Том 5. Багровый остров. Пьесы, повесть, черновые варианты романа «Мастер и Маргарита» 1928–1931 гг.

22
18
20
22
24
26
28
30

Голубков. Вот дело какое, карточек-то у меня нет! Вы просто скажите, что, мол, Голубков из Константинополя.

Антуан скрывается.

Корзухин (выходя в пиджаке, бормочет). Голубков, Голубков!.. Чем могу служить?

Голубков. Вы, вероятно, не узнаете меня? Мы с вами встретились в прошлом году в ту ужасную ночь на станции в Крыму, когда схватили вашу жену. Она в Константинополе сейчас на краю гибели.

Корзухин. На краю? Простите, во-первых, у меня нет никакой жены, а во-вторых, и станции я не припомню.

Голубков. Как же? Ночь! Еще сделался ужасный мороз! Вы помните мороз? [Во время взятия Крыма?]

Корзухин. К сожалению, не помню никакого мороза. Вы изволите ошибаться.

Голубков.

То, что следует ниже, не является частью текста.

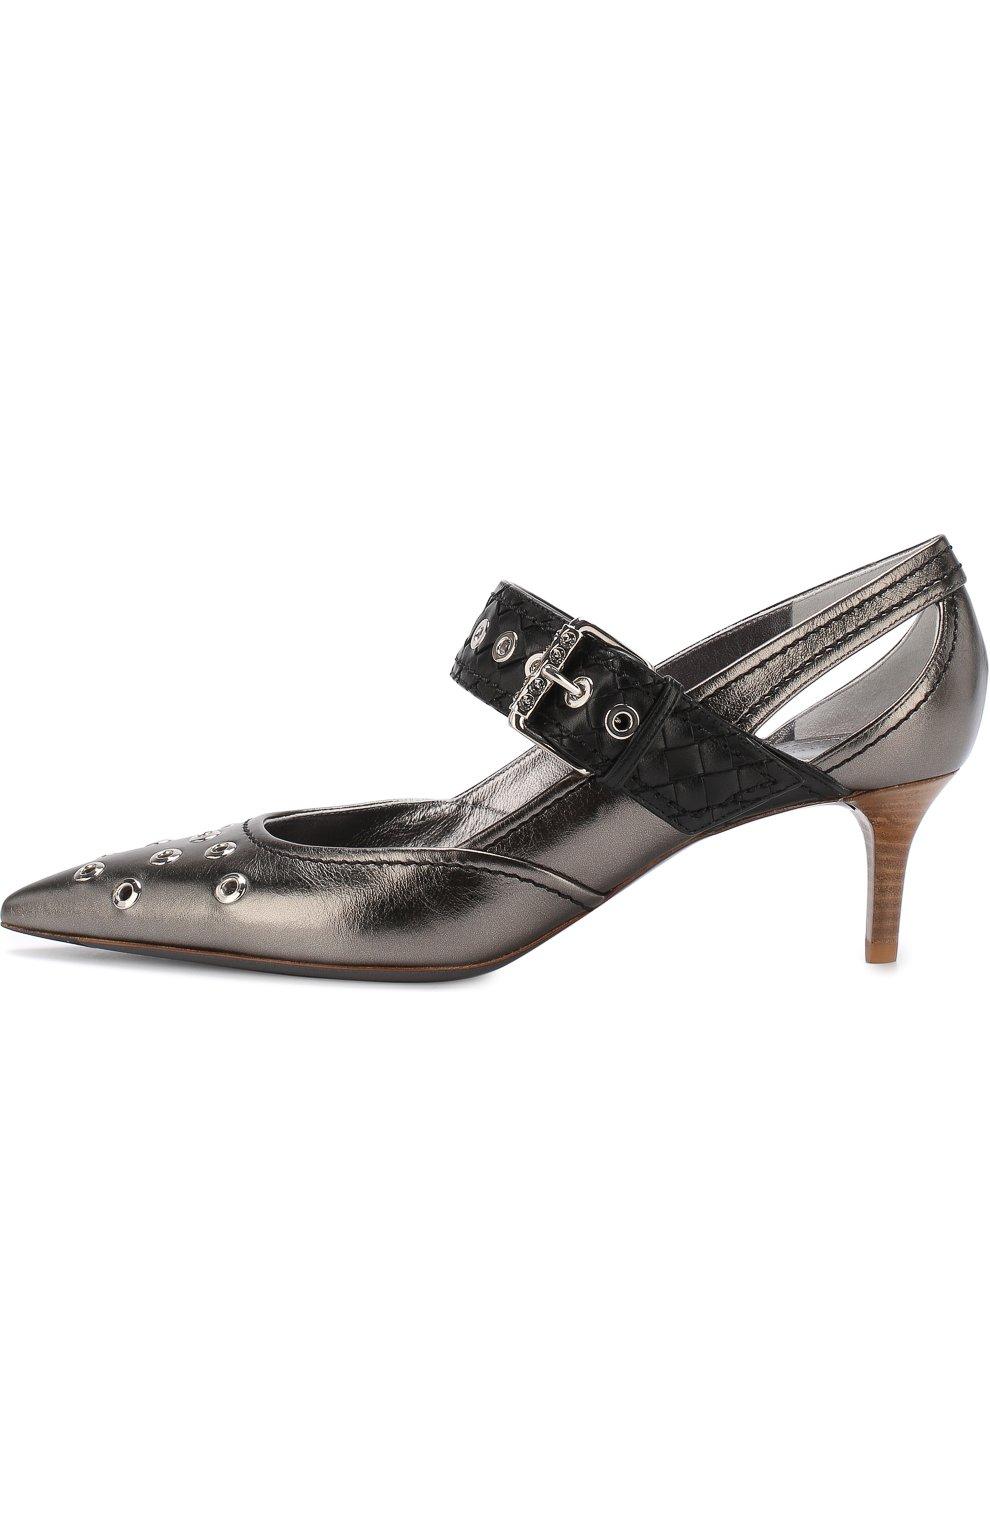 Женские туфли из металлизированной кожи на каблуке kitten heel BOTTEGA VENETA серебряного цвета, арт. 512136/VAVG6 | Фото 3

Но ведь вы Парамон Ильич Корзухин? Я вас узнал! Вы же были в Крыму?

Корзухин. Действительно, некоторое время я проживал в Крыму как раз тогда, когда бушевали эти полоумные генералы. Но, видите ли, я давно уже уехал, связей с Россией никаких не имею и не намерен иметь. Полгода, как принял французское подданство, давно овдовел и должен сказать, что вот уже второй месяц, как у меня в доме проживает в качестве личного секретаря русская эмигрантка, тоже принявшая французское подданство и фамилию Фрежоль. Очаровательнейшее и невиннейшее существо, на котором, по секрету скажу, я намерен жениться. Так что всякие переговоры о якобы имеющейся у меня жене мне неприятны!

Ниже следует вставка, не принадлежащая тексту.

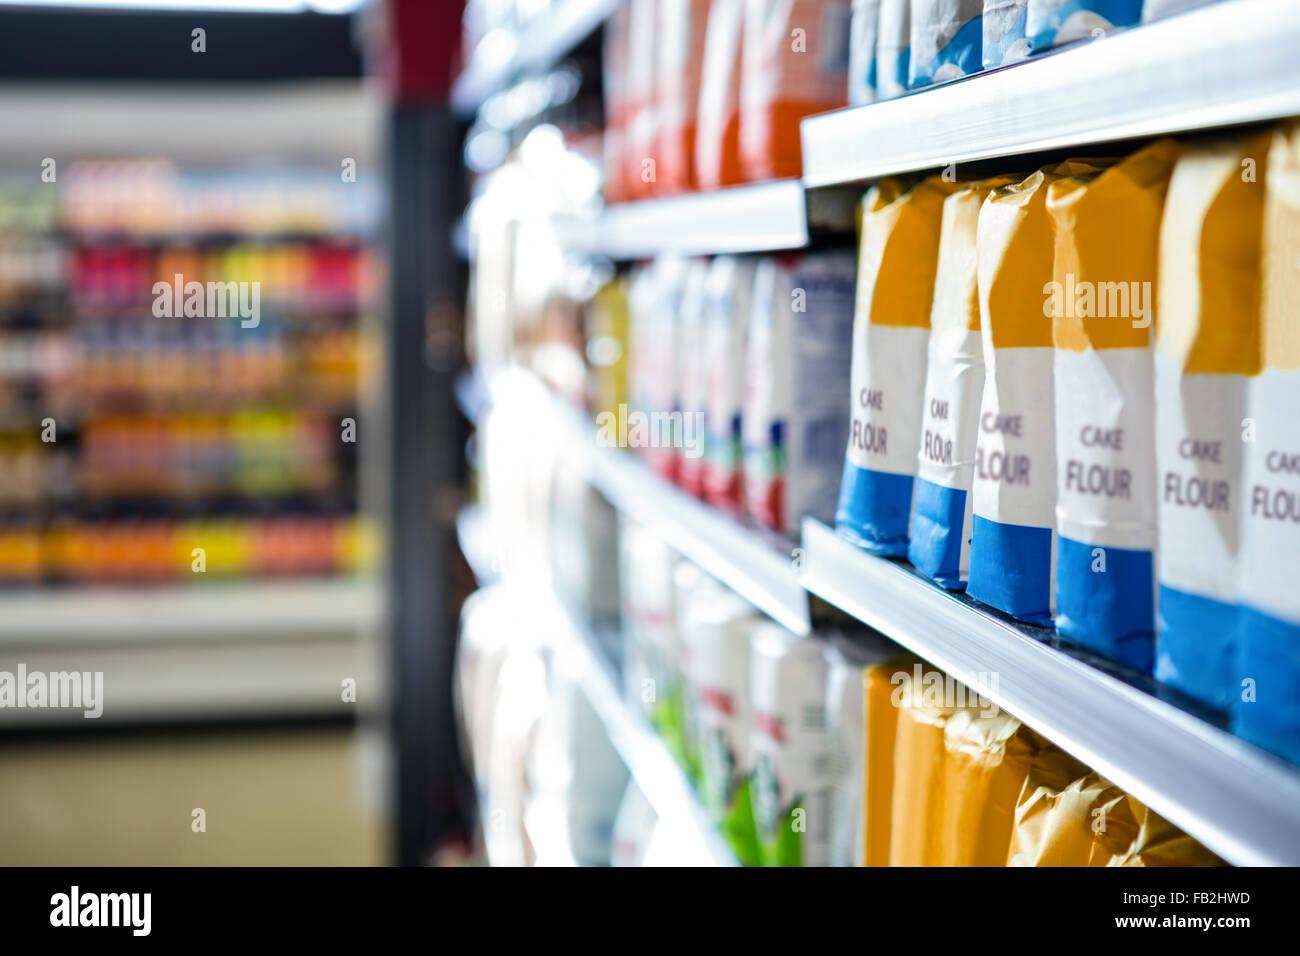 Supermarket shelves - Stock Image

Голубков. Фрежоль?.. Вы отказываетесь от живого человека?.. Но ведь она же ехала к вам! Мороз! Помните, ее арестовали? Я понимаю, вы тогда могли отказаться, на станции, из страха смерти, но теперь?..

Корзухин. Ах мороз! Повторение старой истории. Меня уже пытались раз шантажировать, господин Голубков, при помощи легенды о моей жене. Этим занималась контрразведка. Возобновления этой истории я бы не желал!

Голубков. Мороз. Окна, помните?.. Фонарь — голубая луна...

Корзухин. Мороз? Однофамилица, возможно.

Голубков. Ай-ай-ай-ай-ай! Моя жизнь мне снится.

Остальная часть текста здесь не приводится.